HOUSE BILL REPORT

HB 2350

This analysis was prepared by non-partisan legislative staff for the use of legislative members in their deliberations. This analysis is not a part of the legislation nor does it constitute a statement of legislative intent.

As Passed Legislature

Title: An act relating to defining the administration of medication by medical assistants.

Brief Description: Defining the administration of medication by medical assistants.

Sponsors: Representatives Cody and Jinkins.

Brief History:

Committee Activity:

Health Care & Wellness: 1/15/16, 1/26/16 [DP].

Floor Activity:

Passed House: 2/16/16, 95-2.

Passed Senate: 3/3/16, 42-6.

Passed Legislature.

Brief Summary of Bill

  • Specifies that a medical assistant's ability to "administer" medication means both the retrieval and application of medication.

HOUSE COMMITTEE ON HEALTH CARE & WELLNESS

Majority Report: Do pass. Signed by 14 members: Representatives Cody, Chair; Riccelli, Vice Chair; Schmick, Ranking Minority Member; Caldier, Clibborn, DeBolt, Jinkins, Johnson, Moeller, Robinson, Rodne, Short, Tharinger and Van De Wege.

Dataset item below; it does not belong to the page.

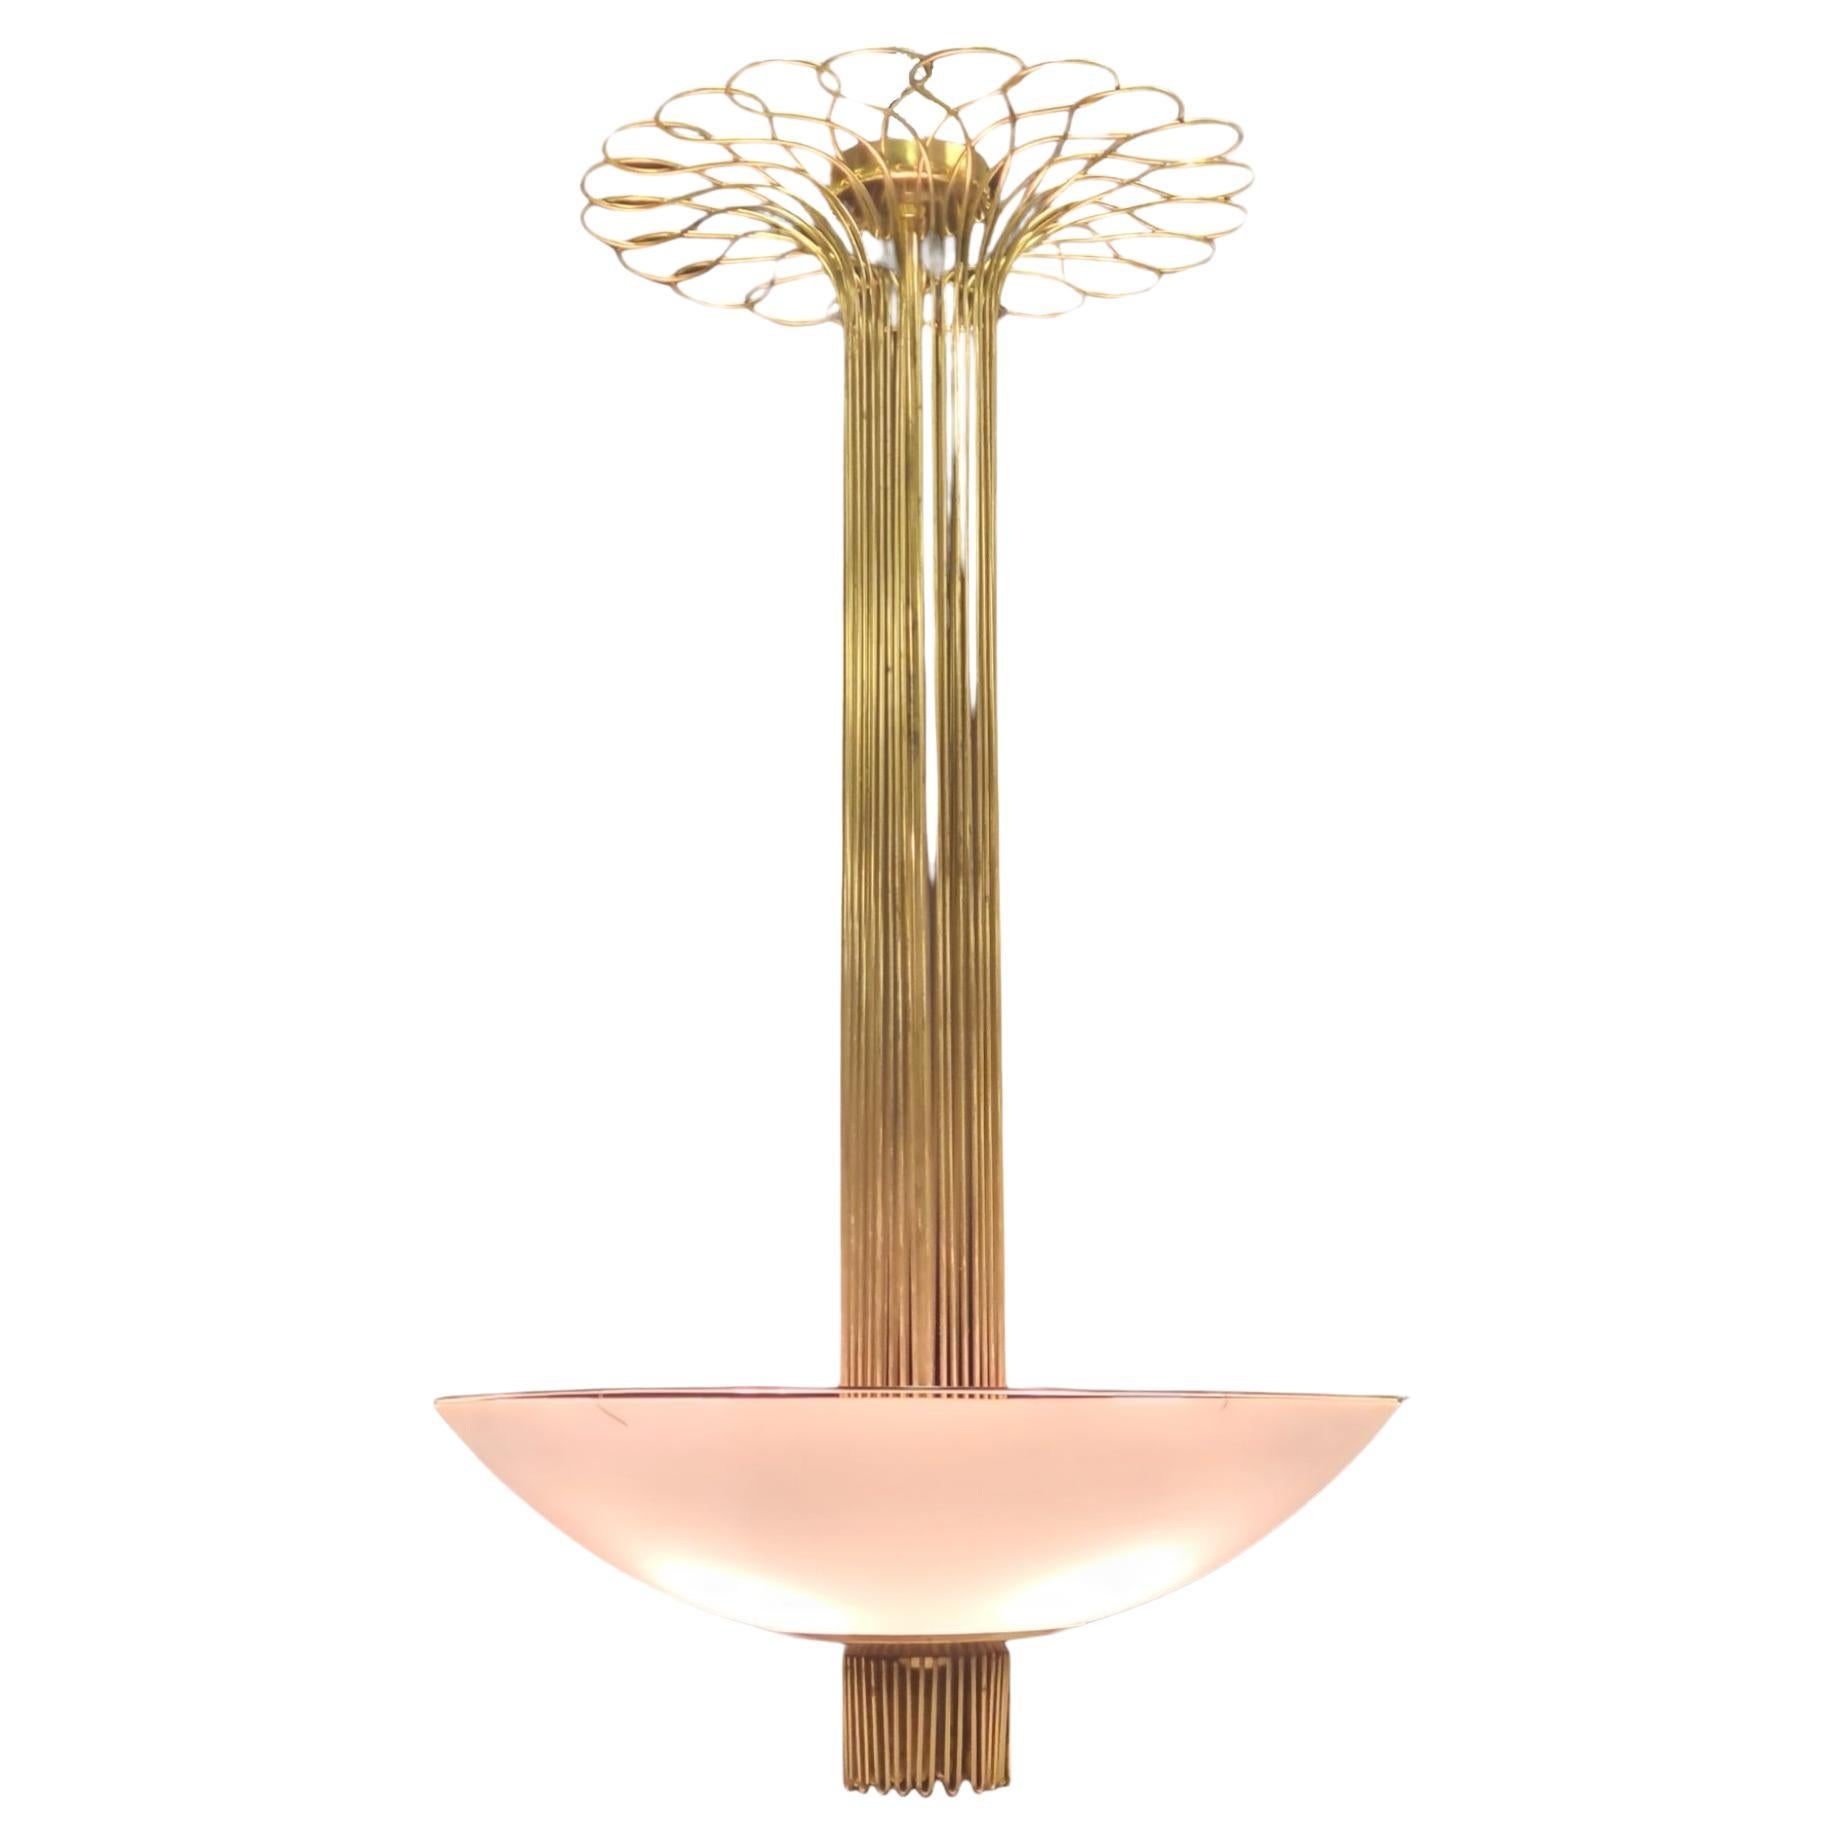 Scandinavian Modern Paavo Tynell Ceiling Lamp In Brass And Glass For Sale

Staff: Ellie Page (786-7291) and Jim Morishima (786-7191).

Background:

The Department of Health issues four variants of medical assistant credentials, including a medical assistant-certified, medical assistant-registered, medical assistant-phlebotomist, and medical assistant-hemodialysis technician. Each type of medical assistant may perform specified duties if delegated by, and under the supervision of, a health care practitioner.

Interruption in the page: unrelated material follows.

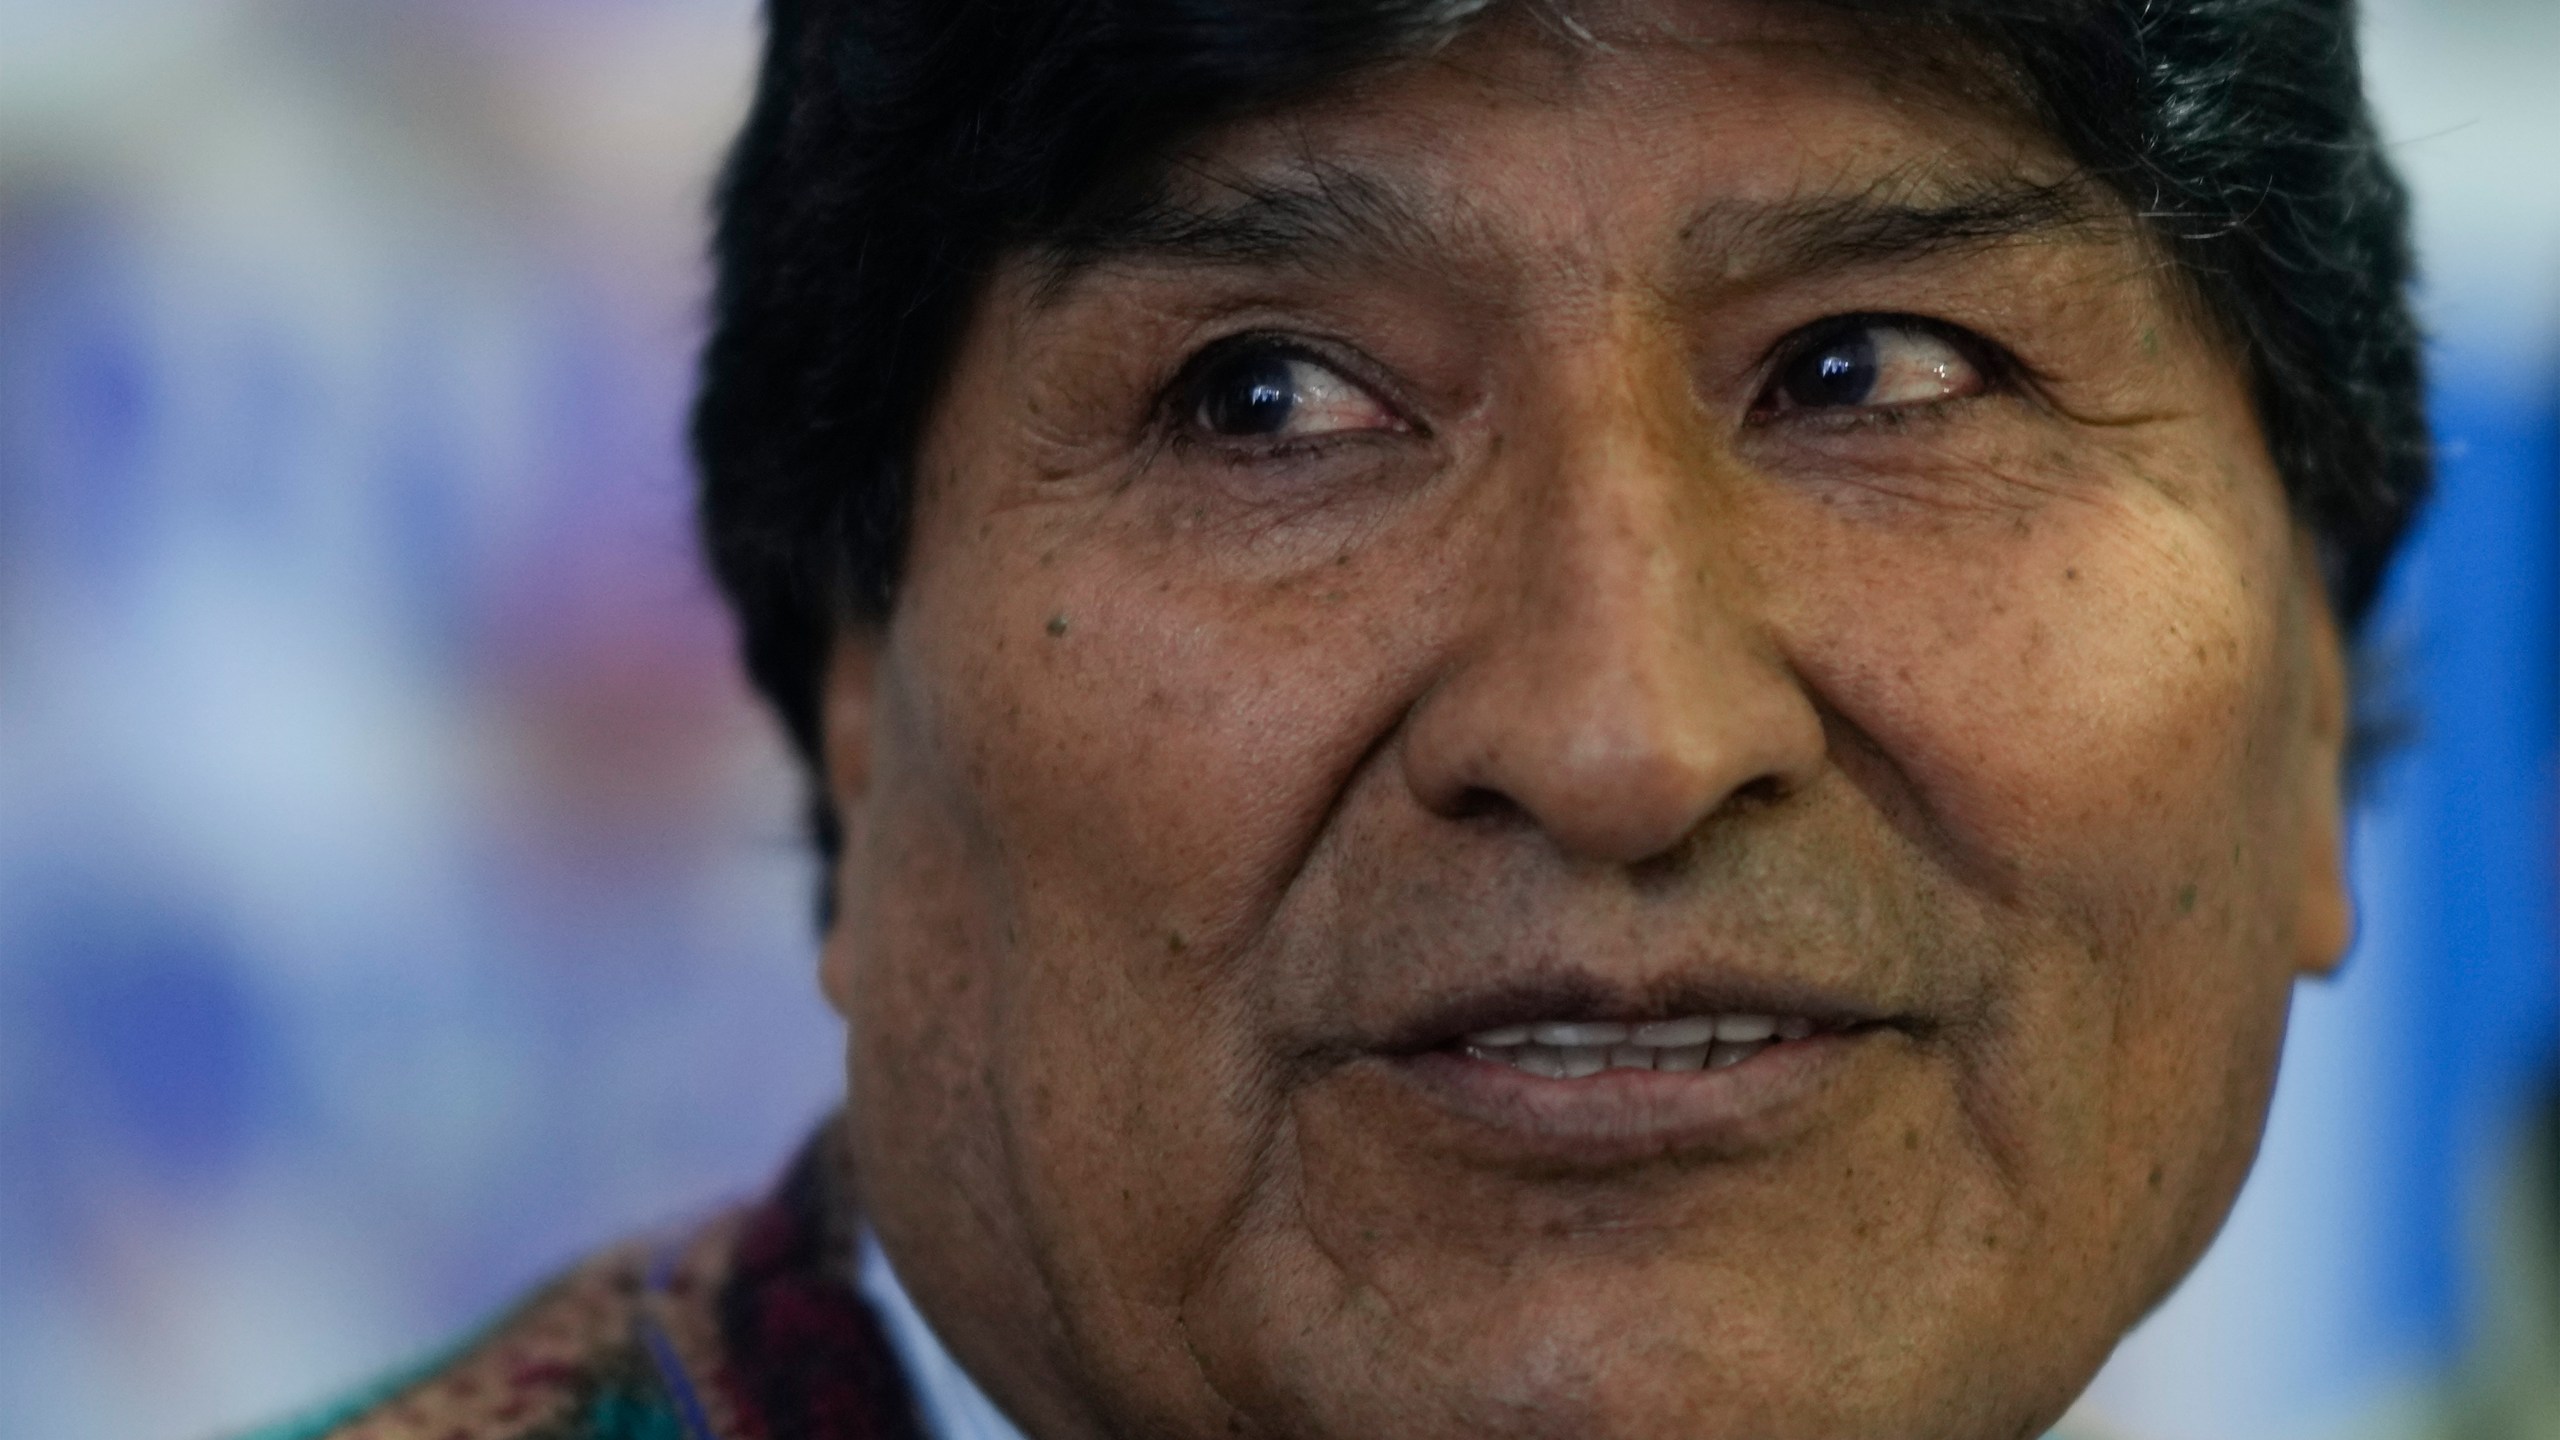 FILE - Evo Morales, former president and current president of the MAS party, gives a press conference in La Paz, Bolivia, April 11, 2024. Morales on Sunday, June 30, 2024 accused his political ally-turned-rival President Luis Arce of deceiving the Bolivian people by staging a “self-coup” the week prior. (AP Photo/Juan Karita, File)

Among other duties, a medical assistant-certified and medical assistant-registered may sterilize equipment, take vital signs, and maintain records. All credentialed medical assistants, excluding medical assistant-phlebotomists, may administer some medications. It is the responsibility of the health care practitioner to determine that the delegation of a task is appropriate and is not prohibited by law.

Summary of Bill:

A medical assistant's ability to "administer" medication encompasses both the retrieval and application of medication.

Appropriation: None.

Fiscal Note: Available.

Effective Date: The bill takes effect 90 days after adjournment of the session in which the bill is passed.

Staff Summary of Public Testimony:

(In support) The bill clarifies that medical assistants can retrieve what they are permitted to administer. The retrieval process involves the medical assistant going to a cabinet, unlocking it, and taking the medication that the physician instructed the medical assistant to retrieve. The bill codifies what medical assistants have been able to do in practice for years.

(Opposed) Selection of the medication is part of the retrieval process. The selection aspect is what is so dangerous due to the possibility of error. Most medical-assistant programs are one-year long and offer limited pharmacology training. While medical assistants are trained to fill a prescription, they are not trained to select it themselves. Many medications are labeled very similarly, but are different classifications which serve distinct functions, and someone who does not have a solid grounding in pharmacology is apt to make more mistakes in his or her selection of medication.

Persons Testifying: (In support) Representative Cody, prime sponsor; Susie Tracy, Washington State Medical Association; Kate Tudor, Washington Association Community Migrant Health Centers; and Jennifer Kreidler-Moss, Penninsula Community Health Services.

(Opposed) Jennifer McAusland and Heather Selby, Washington State Nurses Association.

Persons Signed In To Testify But Not Testifying: None.